The Origins of Brazil’s Most Popular Music Styles

Addison / 17th July 2019

Brazil is a country with a rich musical tradition. What some people don’t know, is that most of the most popular music styles in Brazil were born out of significant eras in the country’s history. To understand the music culture in Brazil, it’s important to understand how these historical events influenced the most popular music styles in Brazil.


A Brief History of Brazil

There have been people living in what is now modern-day Brazil for over 10,000 years. For centuries, the indigenous people of Brazil were able to flourish along the coastline as well as in the Amazon. During the colonial age, European explorers from Portugal came to the shores of Brazil and spread throughout the country. Later, the Portuguese took millions of slaves from the African continent to work in the lucrative sugar cane plantations. When slavery was abolished in the 1800s, the former slaves were finally able to freely express their culture.
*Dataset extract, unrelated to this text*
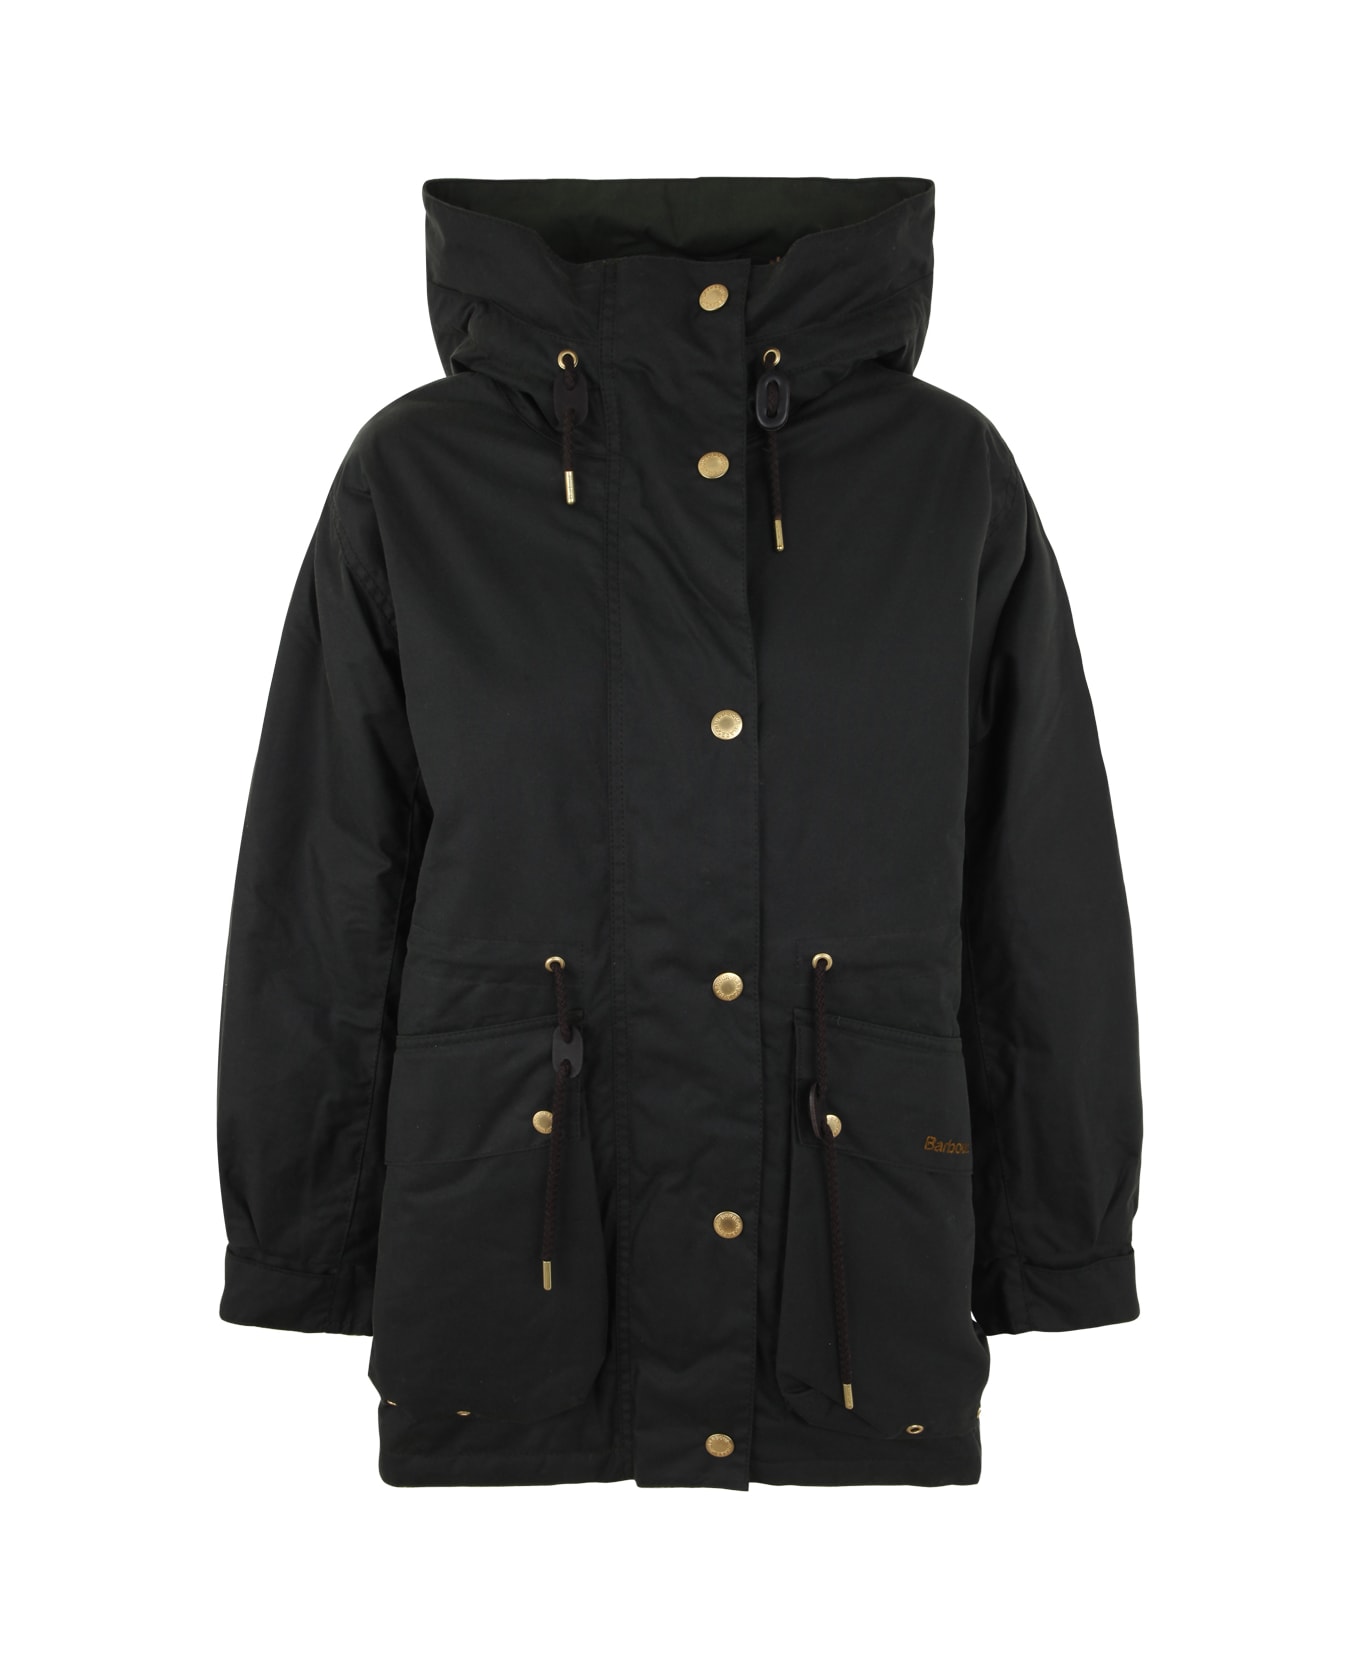 Barbour Grantley Cotton Wax Outwear - Sage Classic
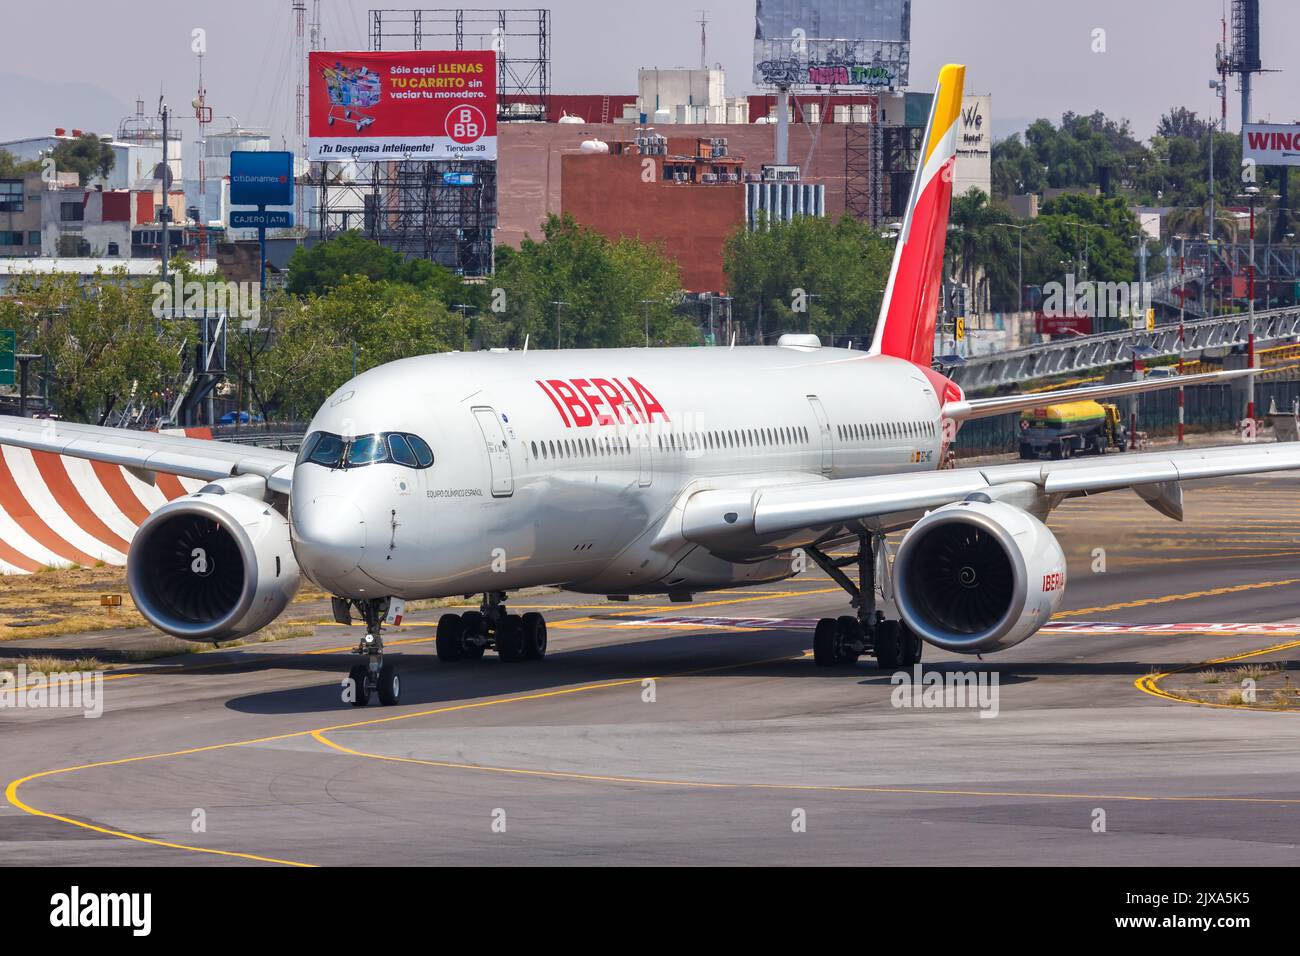 Mexico City, Mexico - April 14, 2022: Iberia Airbus A350-900 airplane at Mexico City airport (MEX) in Mexico. Stock Photo

All of this means that the modern-day culture of Brazil includes a mix of these many influences, from the food, to the festivals, to the music. Without further ado, here is a list of the most popular music styles in Brazil and their historical origins.


Brazilian Folk Music

The music of the indigenous people of Brazil includes many sounds you may hear in nature. For example, Brazilian Folk Music from the Amazon honors the sounds of the rainforest with the use of flutes and percussion. Modern-day Brazilian Folk Music still contains these indigenous elements but also mixes African and European flavors. Brazilian Folk music is the perfect representation of Brazil because it is a mix of American, European, and African elements.



Capoeira is a martial art which looks like a mix between a dance and a battle. It is performed with a distinct musical sound using an instrument known as the Berimbau. The Capoerira martial art originated with the enslaved Africans in Brazil who worked in the sugar plantations. The intense movements of the dance allowed the slaves to prepare for self-defense and survival without being punished for training. Today, modern Brazilians are still enthralled with the Capoeira martial art and there are many Brazilian mestres (or clubs) found throughout the world.



Once slavery was abolished, the freed slaves moved throughout the country bringing their musical traditions with them. Samba has its roots in the deep drum beats common in parts of West Africa. Over time, Samba took on European and Indigenous elements and later became extremely popular throughout Brazil. Nowadays, it’s probably the most well-known dance style from Brazil. In fact, the world-famous Carnival is actually a huge Samba party.


Bossa Nova

Bossa Nova means new trend, and became popular in the 1960s mixing elements of American jazz with a slower Brazilian Samba beat. Especially popular in the beach clubs around Rio de Janeiro, it has worldwide appeal. The Girl from Ipanema is a Brazilian Bossa Nova song and is one of the most instantly recognizable tunes around the world.


Modern Brazilian Music

Nowadays, you can find Brazilian musicians performing Rap, Rock, and Pop but the songs almost always include traditional Brazilian influences. Brazilians are proud of their musical culture and also love the modern music competition, the Viña del Mar International Song Festival, which is like the Eurovision for Latin America, just like countries as Spain like the European counterpart. Once only a competition for Chilean residents, since 2000 it has included all countries in Latin America and Brazil is a proud contender. It’s not surprising based on their proud musical history!